According to WordPress security firm – Wordfence, The number of WordPress brute force attacks has more than doubled following a recent number of daily attacks & daily IPs involved.
According to the CEO & Founder of Wordfence,
Usually we see an average of around 13,000 unique IP’s attacking each day. We’re currently seeing over 30,000 unique attacking IPs and this is continuing to increase
From statistics, 15.7% of all brute-force attacks on a daily basis come from the Ukraine, with over 2.3 million attacks launched each day.
Of these, over 1.65 million came from an unknown ISP named Pp Sks-lugan, for which there’s almost no information available through Google. In fact, most of the information returned by Google is about abuse reports and security related incidents.

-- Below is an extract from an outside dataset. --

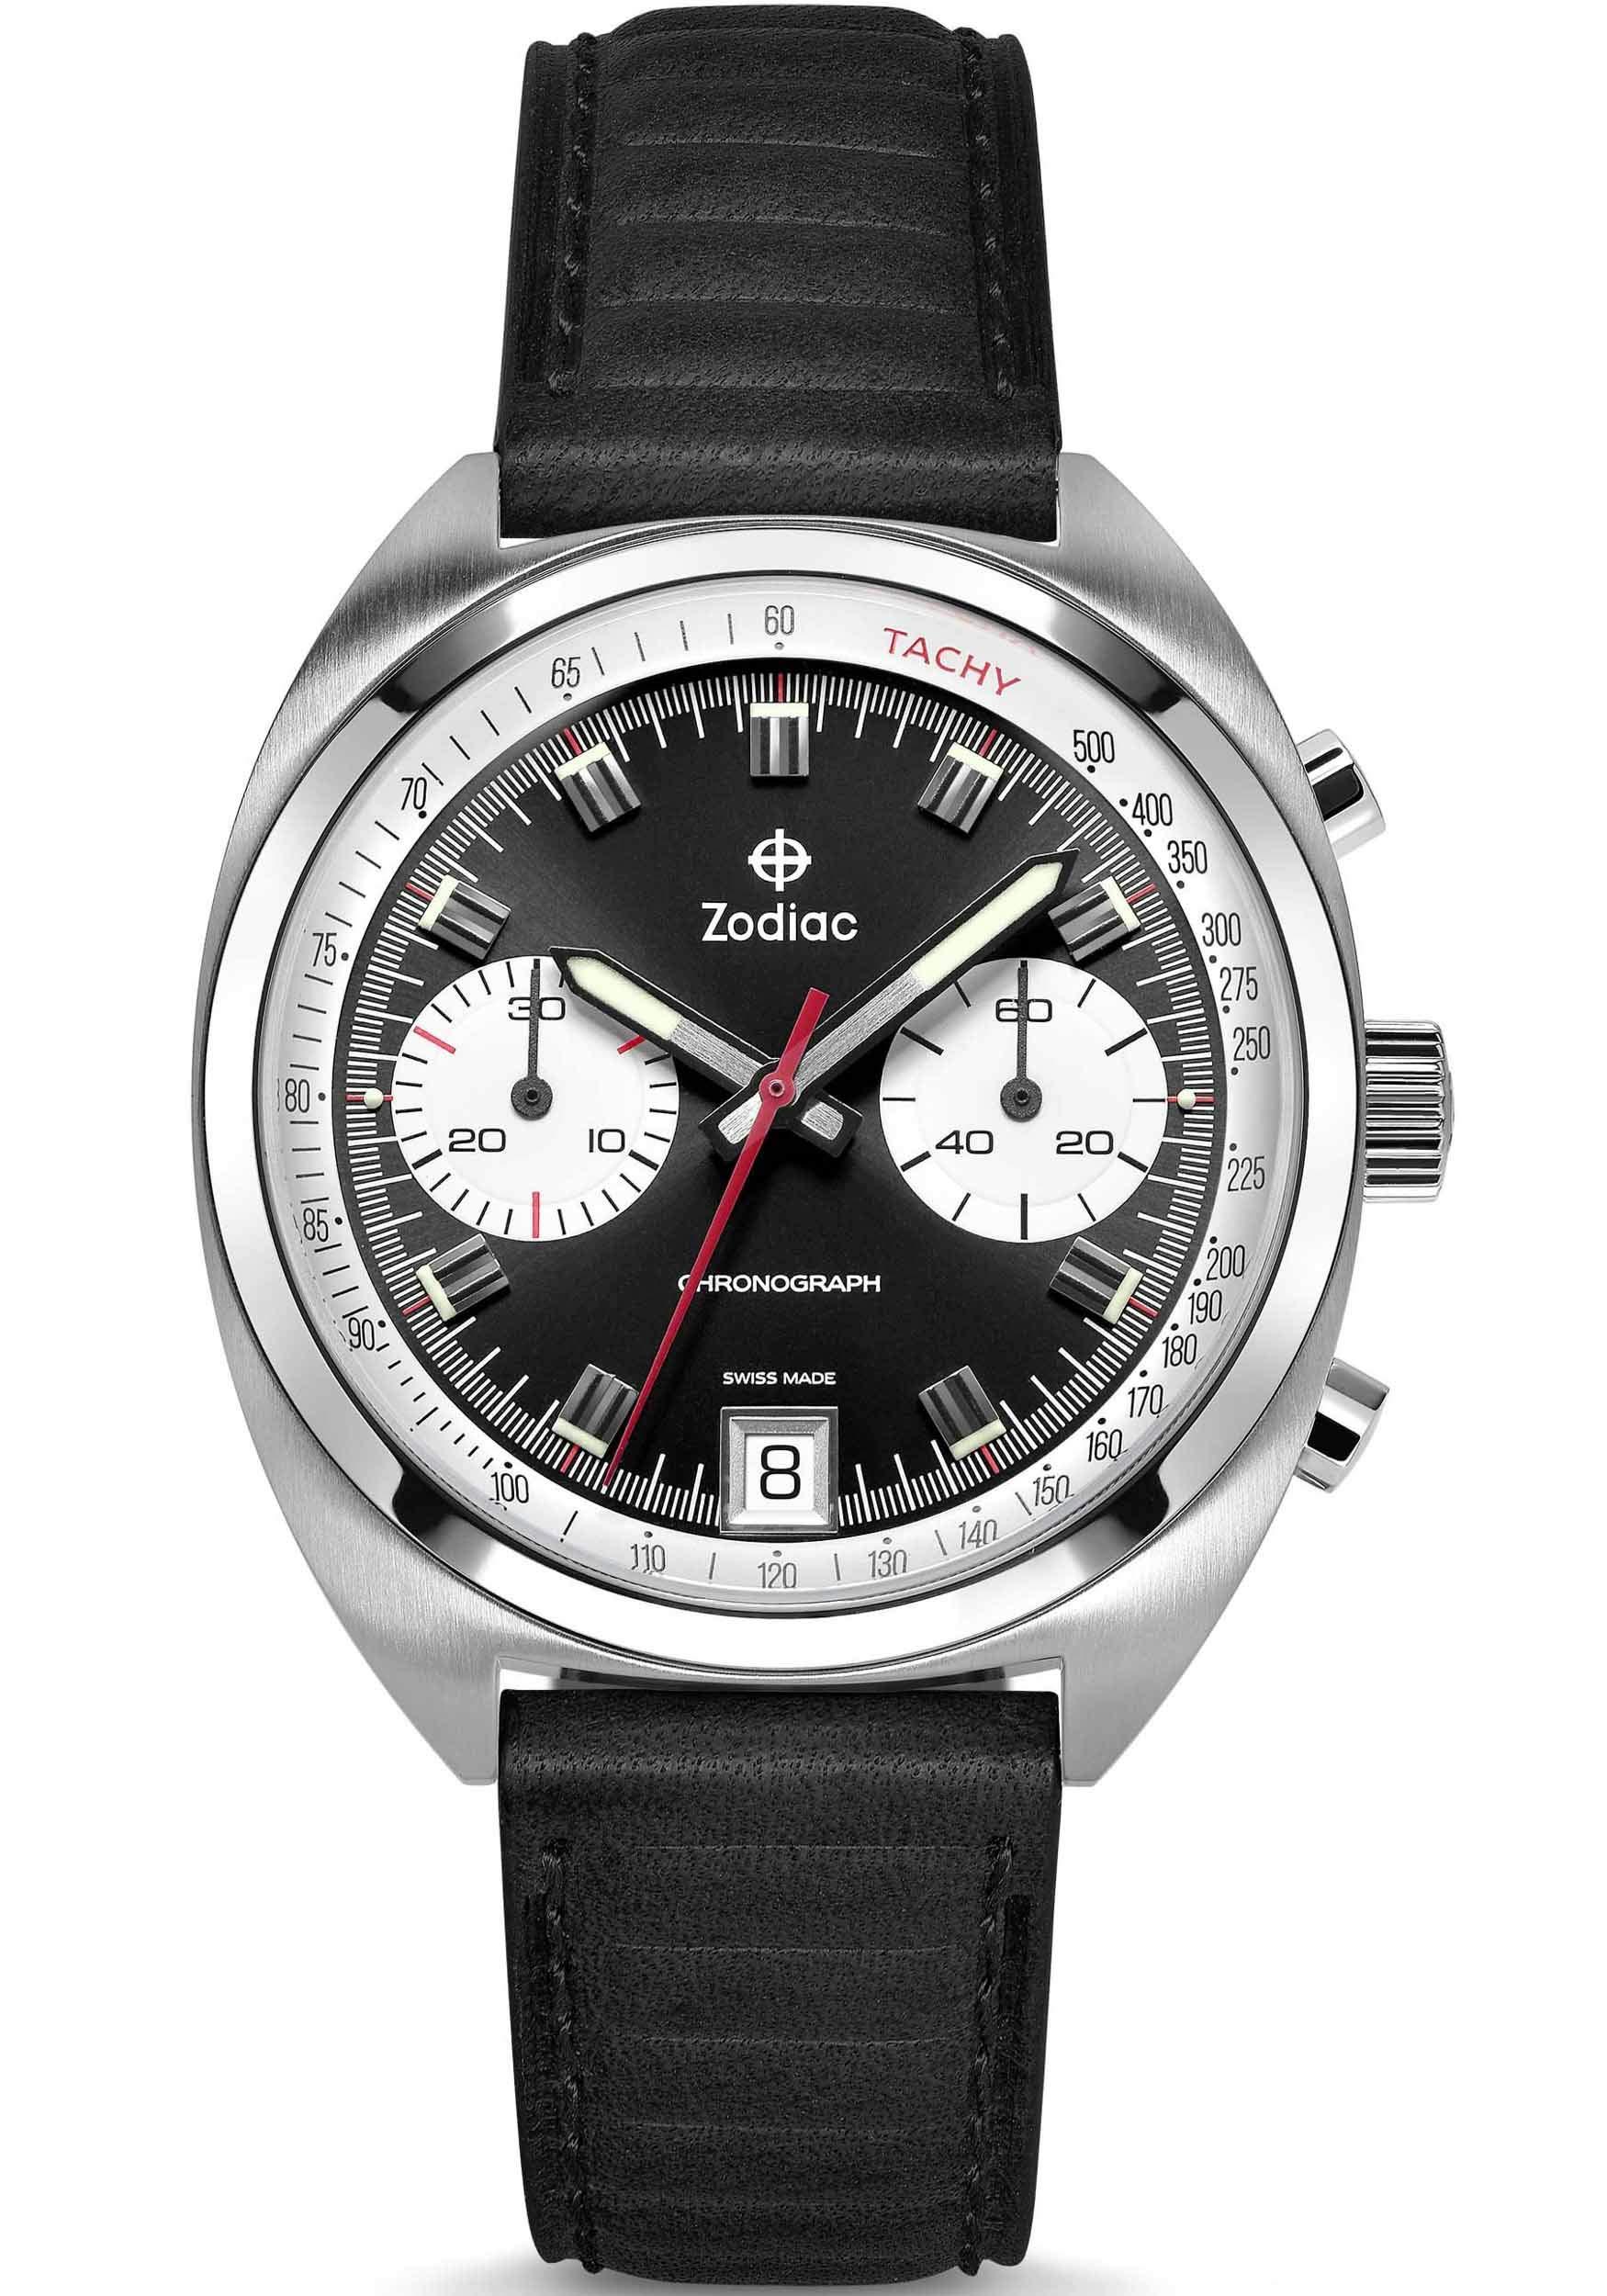 Zodiac Men's Grandrally Stainless Steel Swiss-Quartz Watch with Leather Strap, Black, 20 (Model: ZO9602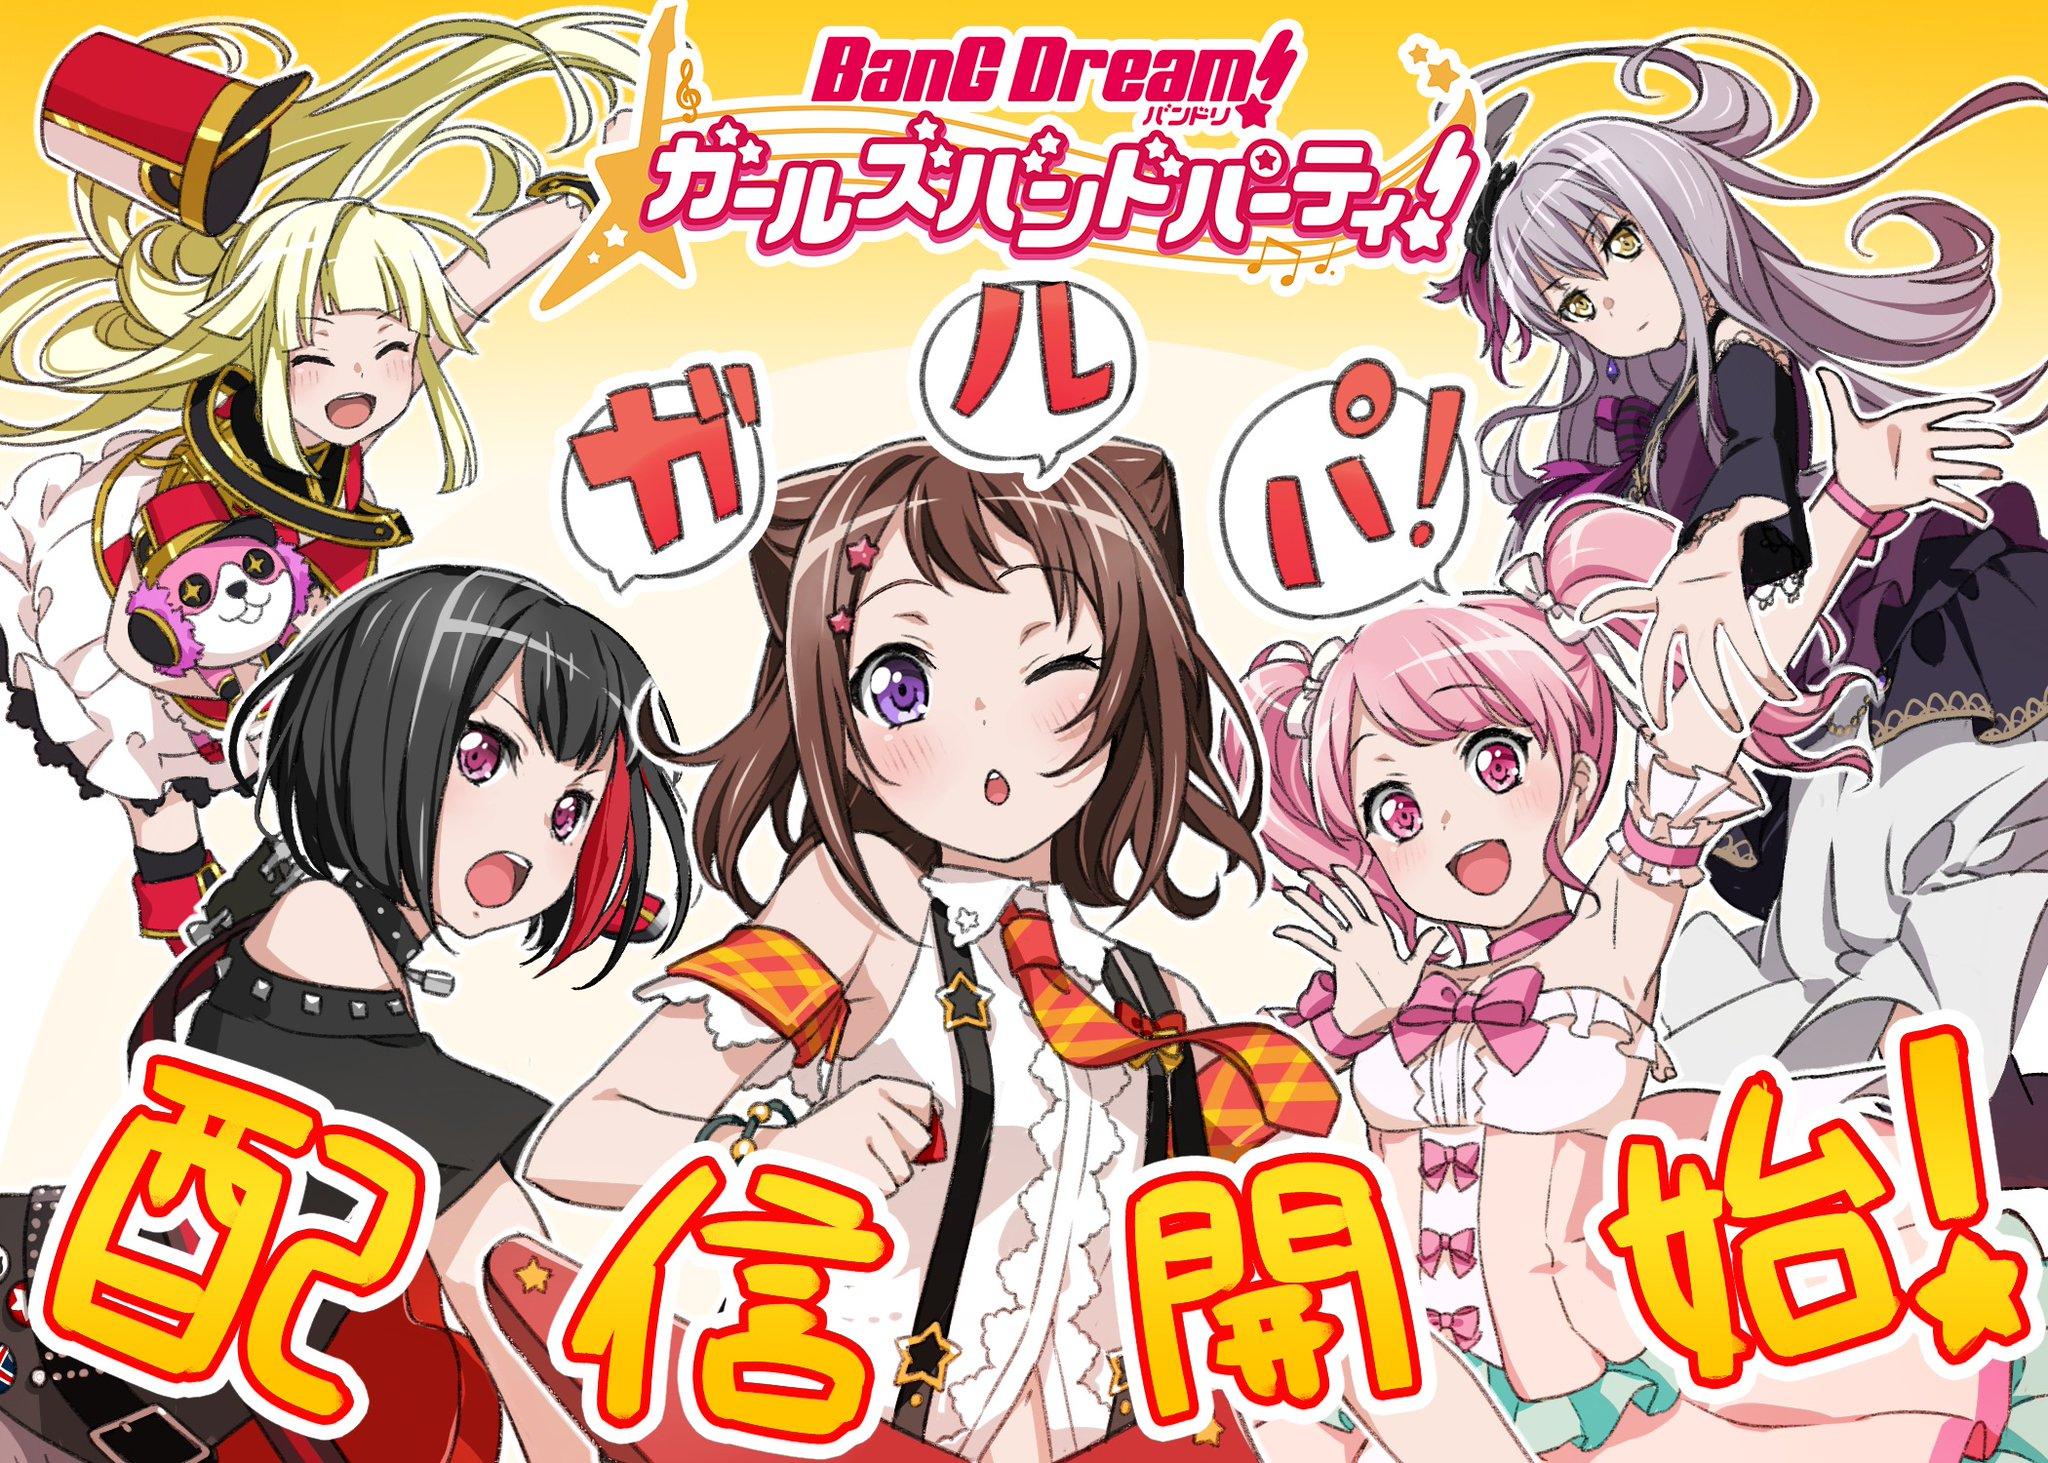 音乐手机游戏《BanG Dream!~Girls Band Party~》今日开始运营,将追加特别曲目!-ANICOGA

The brute-force traffic originating from these eight Pp Sks-lugan IP addresses is larger than the entire brute-force traffic coming from GoDaddy, OVH, and Rostelecom put together.
The simplest way to prevent brute-force attacks is to install a WordPress firewall plugin. If you don’t run WordPress, there are generic Web Application Firewall services or tools you can use.
If you use WordPress, another trick is to use plugins that hide your admin panel URL, so attackers can’t connect to it. Some of the plugins that allow you to do this are WP Admin Block, HC Custom WP-Admin URL, Protect Your Admin, Custom Login URL, and WPS Hide Login. WordFence, who provides a free and paid version of a WordPress security plugin, was able to gather details about the source of these attacks.